The research project background materials and problem sets will be posted in the spring pre-program online workshop. The research projects will be finalized in the first week of the summer REU program. The research projects will be designed to allow undergraduate student participants to be at the forefront of new innovations, yet work within an environment that is manageable for their level of expertise. Some sample research projects are listed as follows.
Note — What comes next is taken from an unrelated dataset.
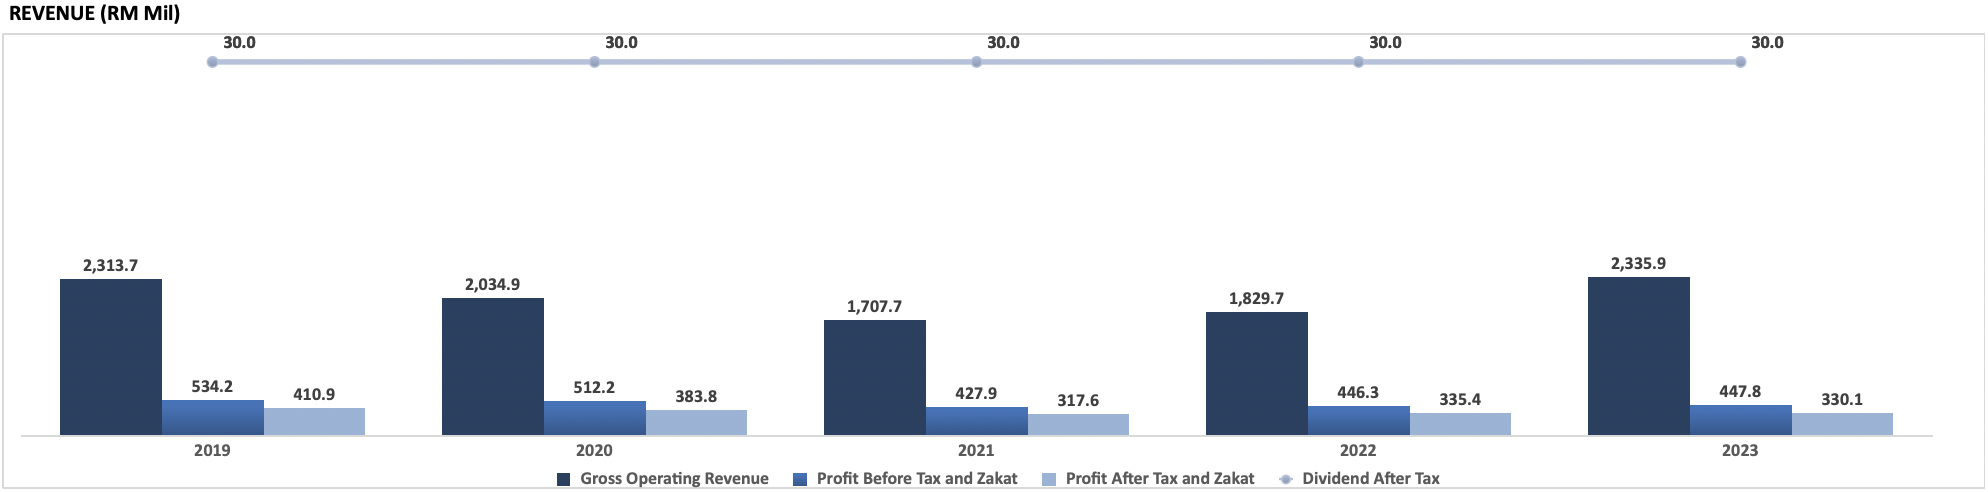 CHB-revenue-2023.png 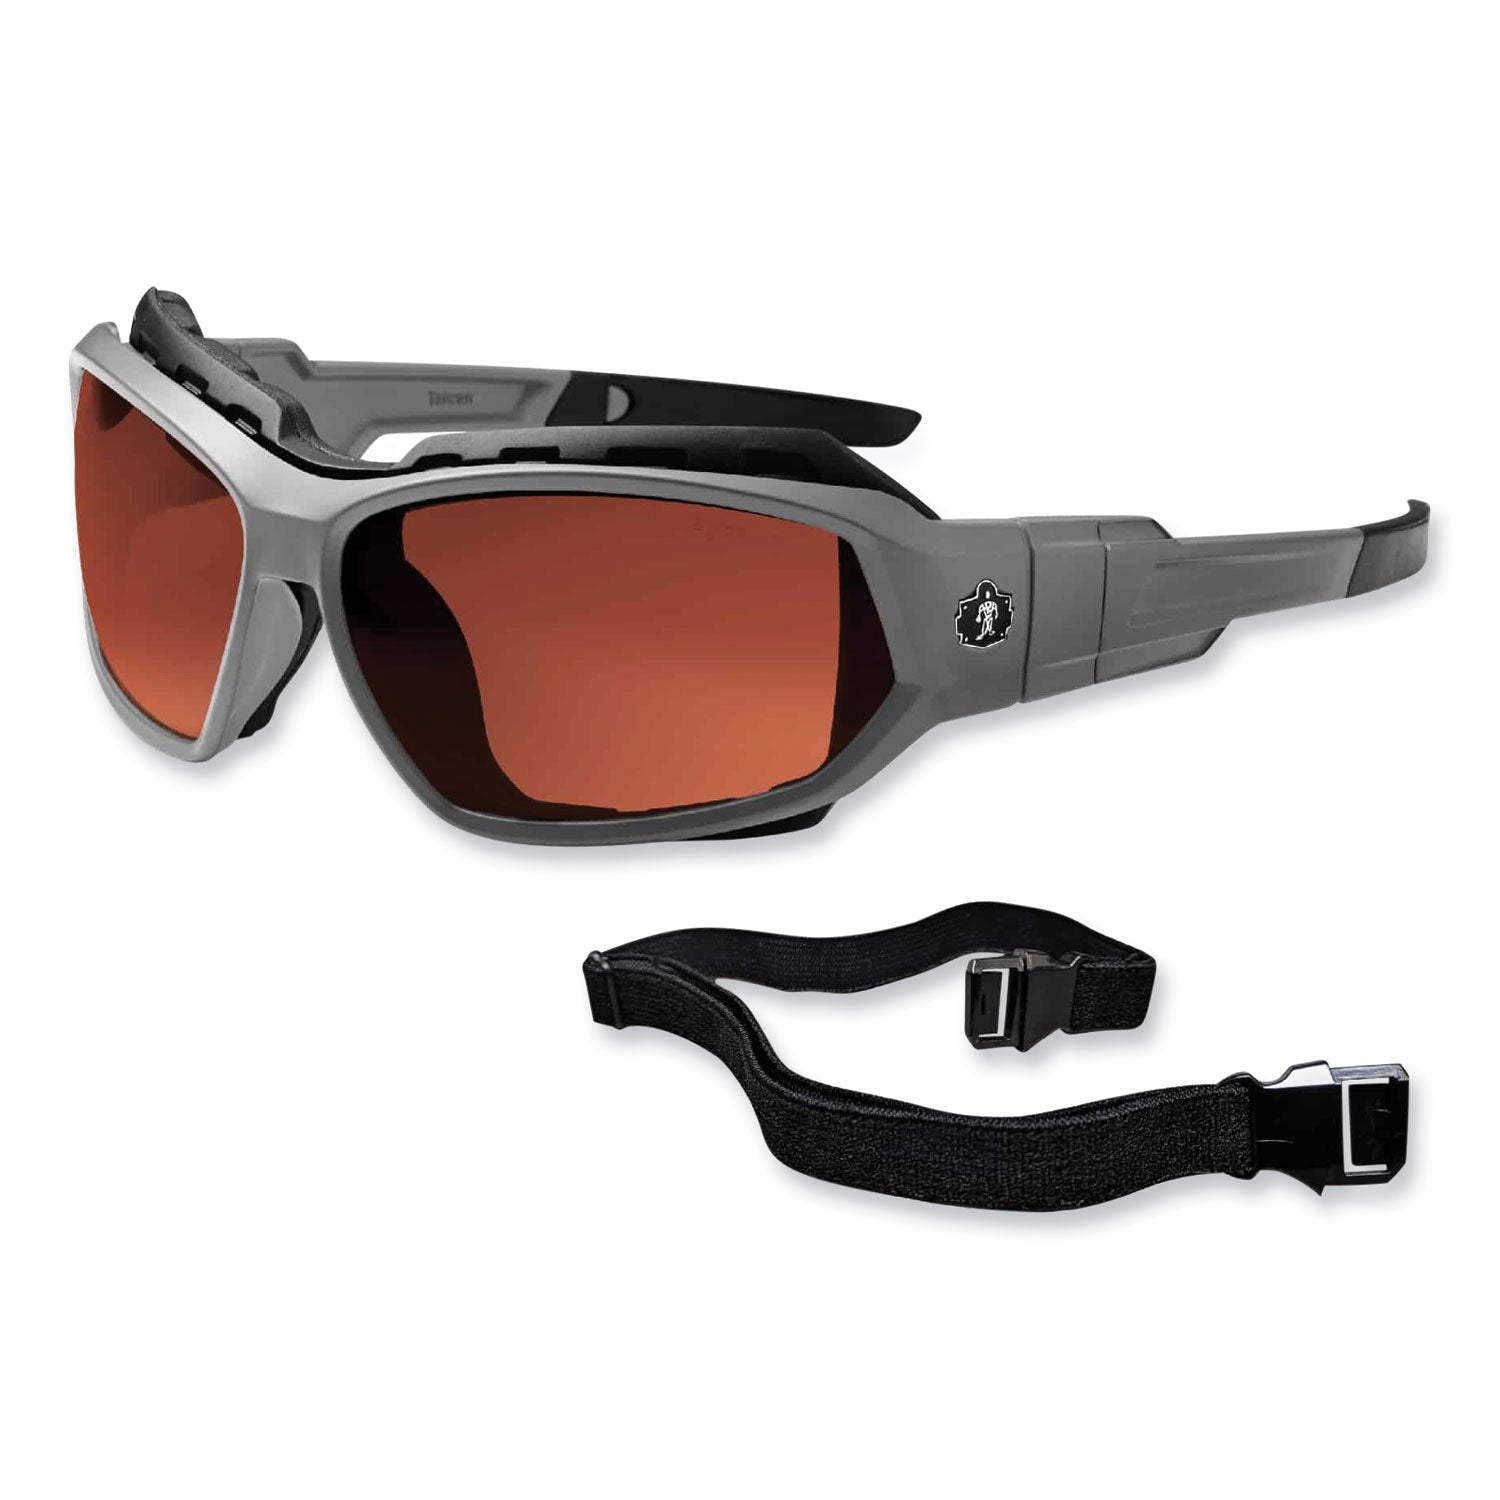 skullerz-loki-safety-glasses-goggles-gray-nylon-impact-frame-polarized-copper-polycarb-lens-ships-in-1-3-business-days_ego56121 - 3

Graph mining for large-scale networks using MapReduce
Faculty Mentor: Dr. Enyue (Annie) Lu

Analyzing patterns in large-scale graphs, such as social and cyber networks (e.g. Facebook, Linkedin, Twitter), with millions, even billions of edges has many important applications such as community detection, blog analysis, intrusion and spamming detections, and many more. Currently, it is impossible to process information in real-world large-scale networks with millions even billions of objects with a single processor. To overcome single processor limitations, a cluster of computers with multiple processing elements operated in parallel connected by a distributed network are used to solve large-size problems and reduce processing time.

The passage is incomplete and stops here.